Even by Miami standards, the party was exotic. There were tigers,
chimps, human flamethrowers, jumbo TVs, and the usual red-carpet food
and drink. There was also a bikini-clad woman covered in chocolate [Jim:
emphasis added, sorry, no photo available]. "If we take them to a party,
it helps them get excited about the project," says Ms. Rubin of Platinum
Properties International.

Indeed, developers are going all-out to charm their clients, and more
and more those clients include the world's wealthy elite from such
countries as Argentina, Mexico, Australia, and Germany. These foreign
buyers, in fact, are one of the important reasons the housing bubble
continues to grow in hot markets like Miami, New York, and Las Vegas. In
many cases, they're taking advantage of the strong euro or trying to get
their money into a dollar-denominated hiding place.

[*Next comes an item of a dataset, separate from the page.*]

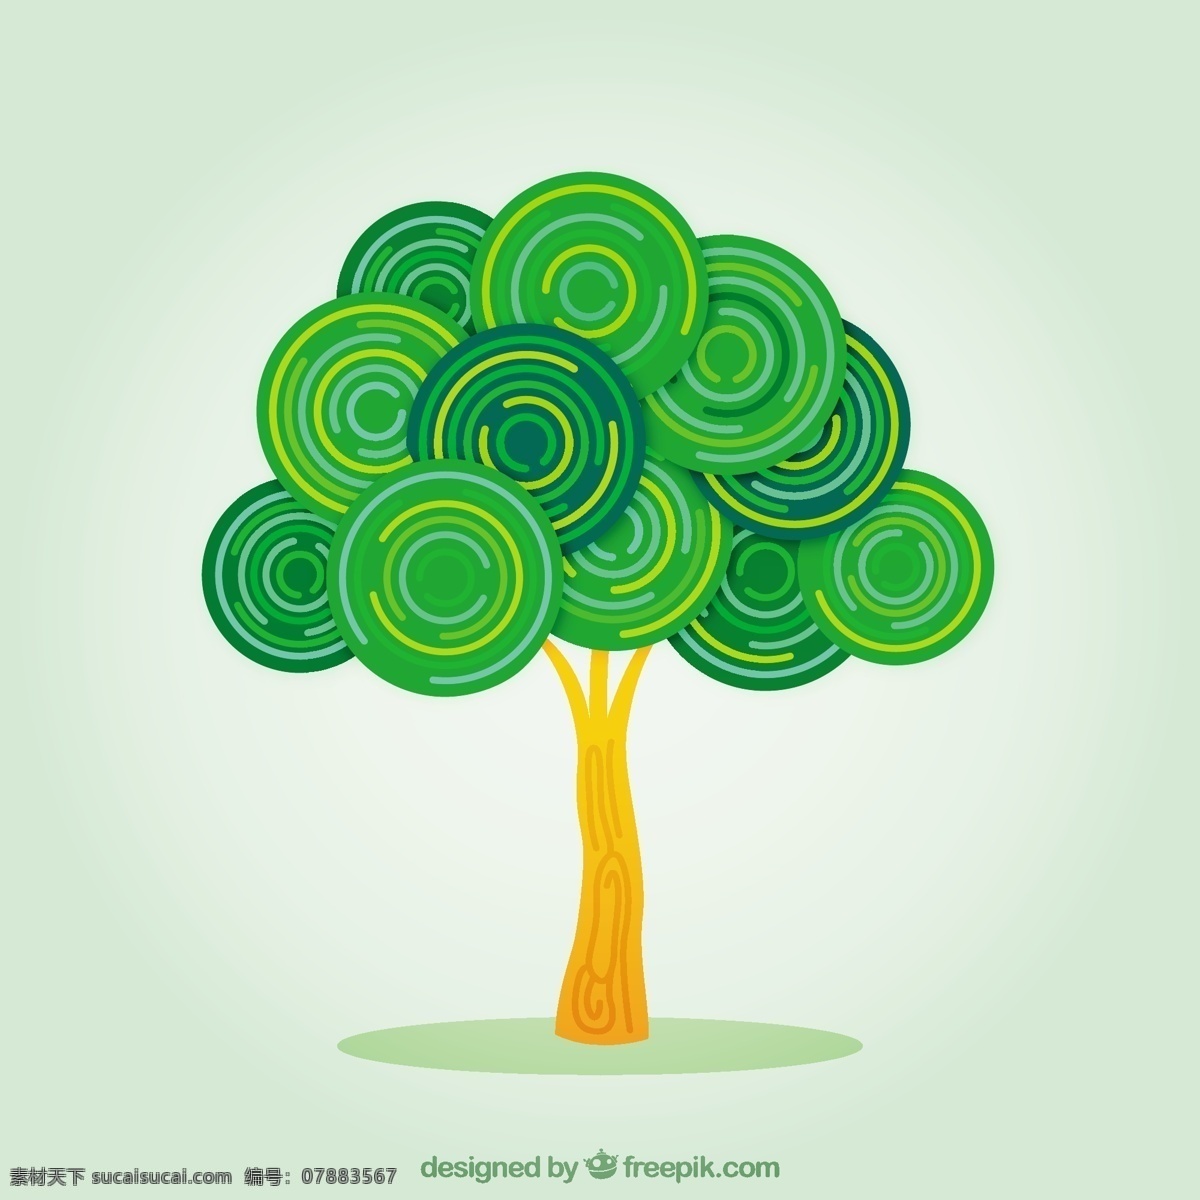 抽象的树 标识 树 抽象 圆 自然 绿色 春天 企业 抽象的标识 界 企业身份 身份 圆标识 树标识 自然标识 绿色标识 植被 白色

The result: In Miami, for one, some condo buildings have as much as
two-thirds of their units owned by foreigners. Call it America for Sale.
. .

Although there are no numbers indicating how much foreigners are pouring
into the United States to buy condos, there are some eye-opening
anecdotal signs:

- In Las Vegas, wealthy foreign buyers - mostly from Mexico - have
snapped up 12 percent of the condos at Icon, twin 48-story towers that
are now almost sold out even though they won't start construction until
next month.

- New York City real estate brokers estimate that up to 33 percent of
new condos sold in the city are going to non-Americans, especially
Europeans, who one broker describes as "very aggressive."

- Asian buyers are jumping in, too. Real estate agents are flying to
Shanghai, Beijing, Bangkok, and Kuala Lumpur to talk up the property
market. Recently, a large group of Korean finance, construction,
insurance, and engineering executives conducted a "study tour" of
southeast Florida real estate. They plan to return next April.